While he recognises that some children have been so traumatised by abuse that they cannot cope with two carers, for most a placement with a married couple is preferable to the alternative. And he says the small number of unmarried and gay couples who would come forward for adoption would not make a significant difference to the number of children looking for adoptive parents.

"With gay couples, you are deliberately denying children a mother and a father. Children need a mother and a father, that is the order of nature," he says.

"There are a number of tragedies, and some children are brought up in single parent families, but we should not go out to create families where the children are denied a mother and a father.

"There is very strong public disapproval of all the gay rights issues, and this is one where there is most opposition. Polls show that 84 per cent of the public are opposed to allowing homosexual men to adopt children. And just 0.2 per cent of households are same sex couples, so the idea that this is going to empty the care homes is wrong."

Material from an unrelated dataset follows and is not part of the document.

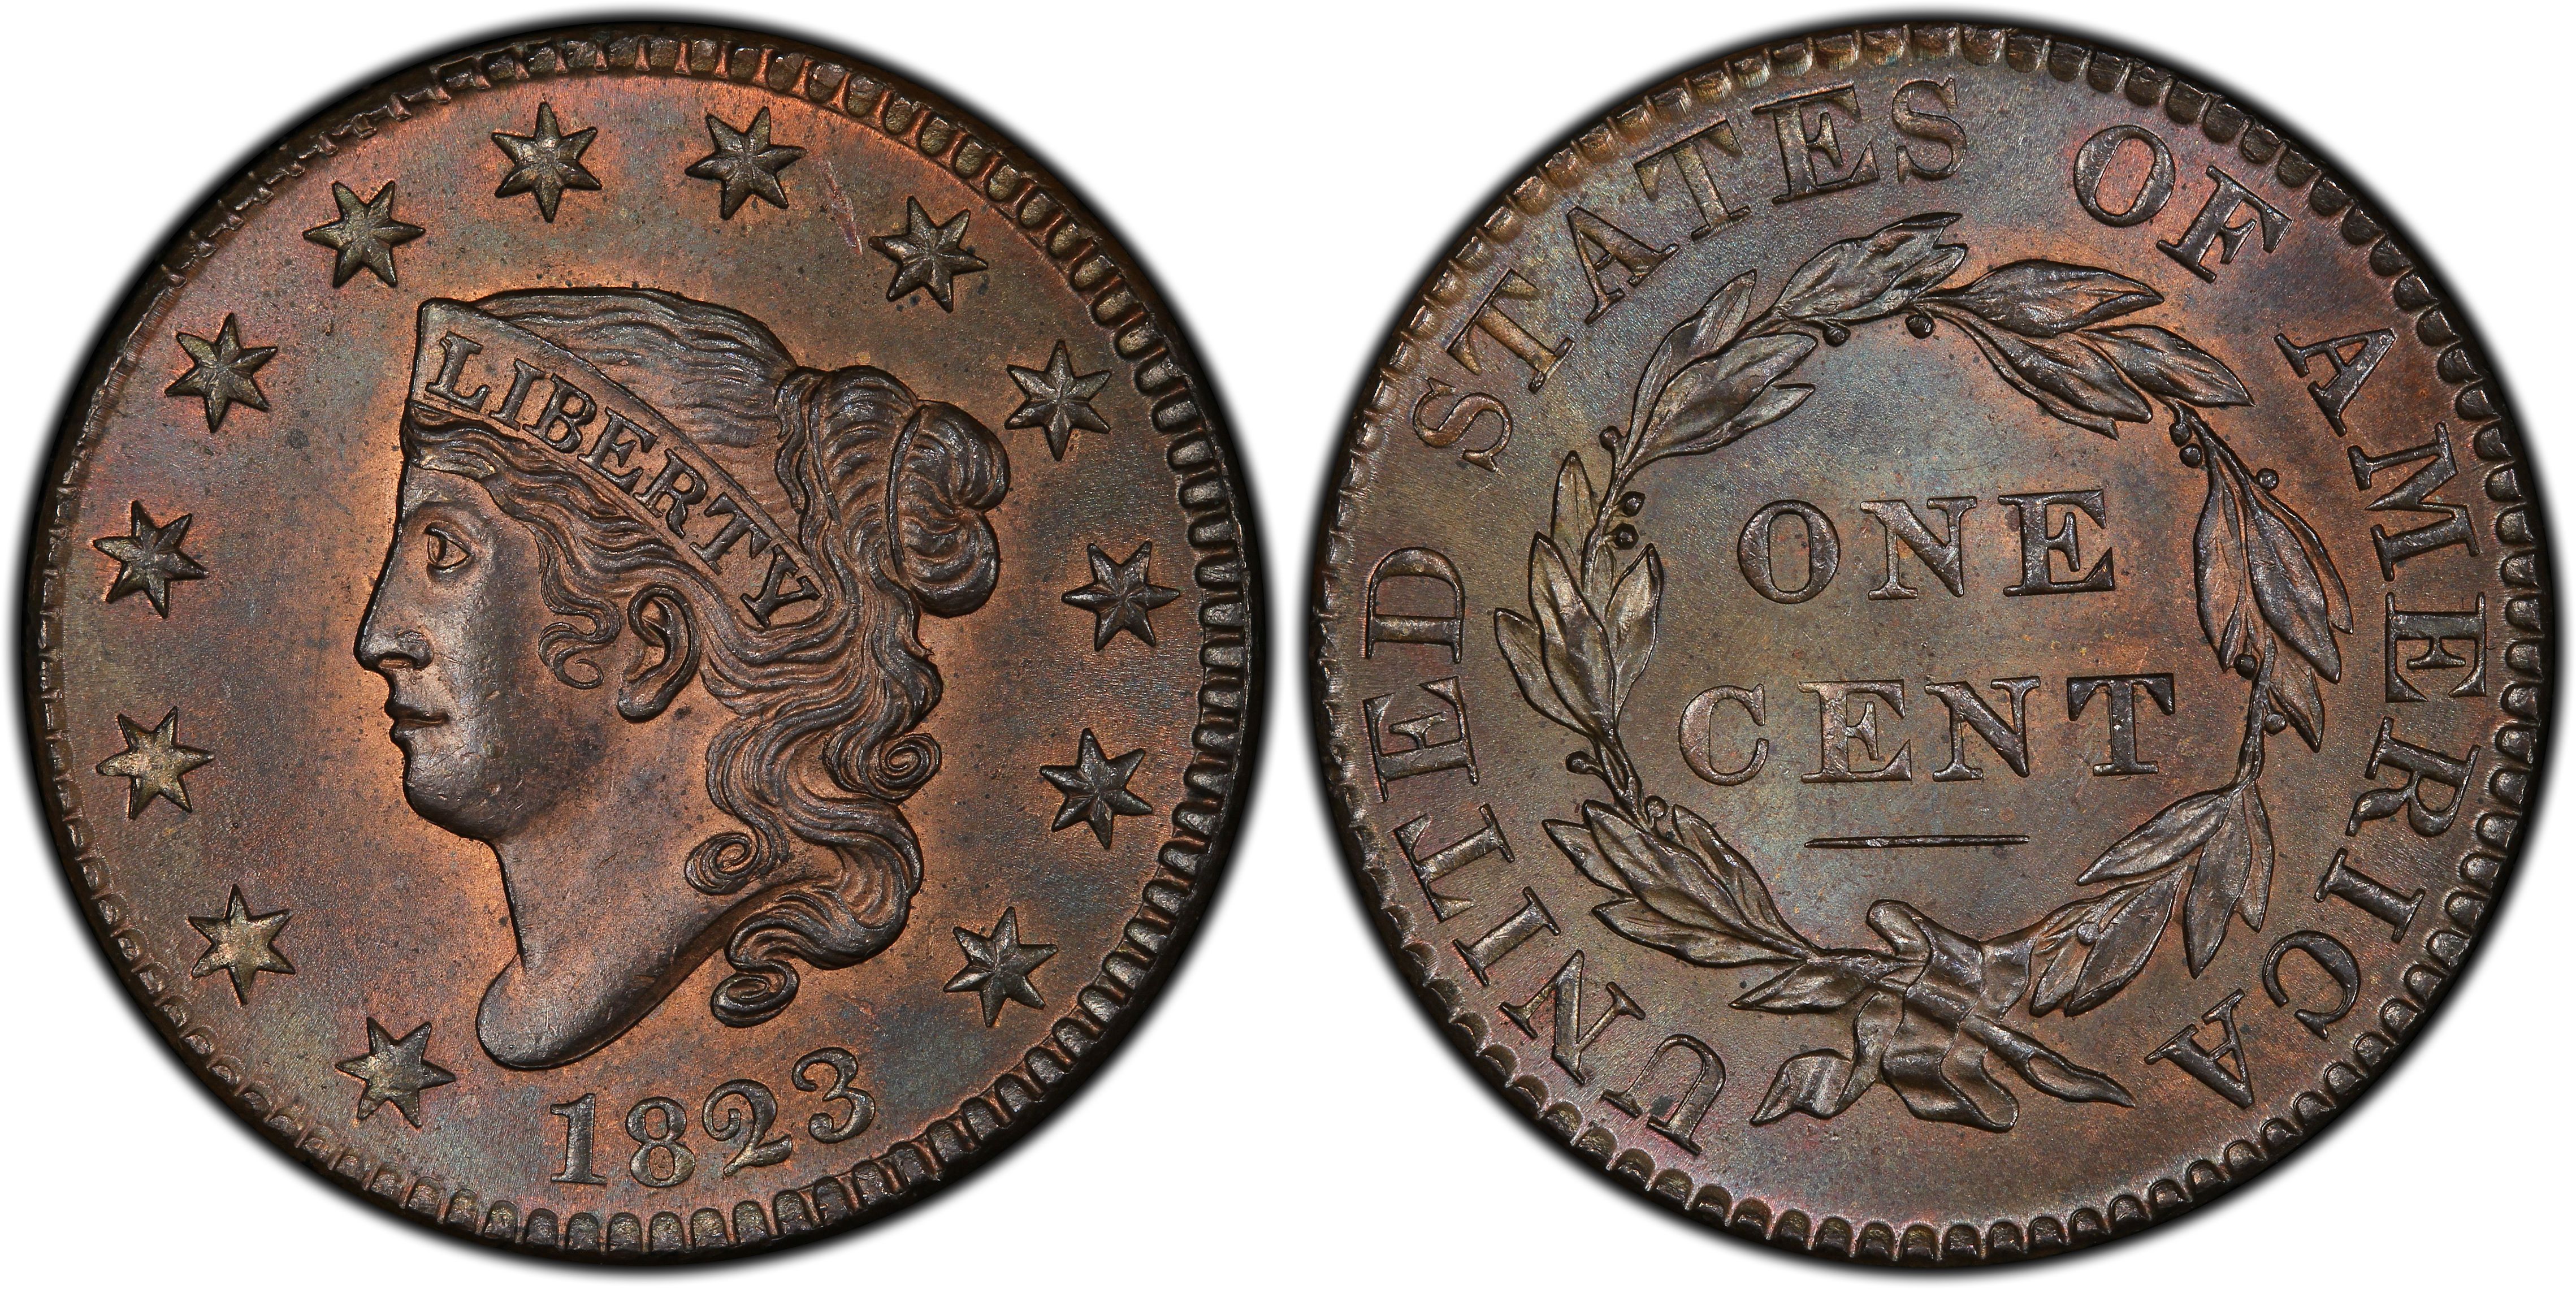 The Last Large U.S. One-Cent Coins

He says research shows that children do better where their family includes a mother and father. But unmarried straight couples also have disadvantages.

"Cohabitation is only a transient state. Three out of five people who live together go on to get married, and of those who don't, 83 per cent break up within ten years. The outcomes for children are not as good where their parents cohabit as where they are married, although they are not as bad as same sex couples," he says.

But allowing unmarried couples to adopt is about the rights of children in care, and not the rights of prospective parents, according to Barbara Hutchinson, deputy director of the British Association for Adoption and Fostering. She says there are about 5,000 children considered suitable for adoption, but unable to find adoptive parents.

"If you are an unmarried couple you are assessed as a couple but only one of you becomes the adoptive parent, and that puts off a lot of people. They find this out and they don't go any further," she says.

"And even if they do, it means only one of them has a legal and enduring relationship with the child, and that is not good news for them or the child. It can also cause tension, with 'you are not my dad' arguments. Emotionally and legally it has an impact."

While the partner who is not the legal adopter can be given parental responsibility by court order, this lasts only until the child is 16, creating further uncertainty.

"For a child who has had lots of changes, it doesn't feel very permanent to say you can only be their dad until they are 16, and then somebody else can come along and challenge the order," she says.

"This is absolutely about the needs of children. All we are asking for is the right of unmarried couples to apply, and then they would be assessed as any married couple would.

"You would look at all the indicators and the personal references and the record of stability and commitment. You would not say every unmarried couple would make good adopters, just as not every married couple would."

And while gay couples can apply to adopt as individuals, allowing them to adopt as a couple would provide a further pool of potential adopters, she says.

"It is not about the rights of gay people, it is about the needs of children, and experience demonstrates that many same sex couples can provide very good stability.

"Some children have very difficult pasts and would struggle in a traditional two-parent family. We need a wide range of adopters and this is about having the right to apply.

"But this is absolutely not about adult rights. It is about 5,000 children needing families."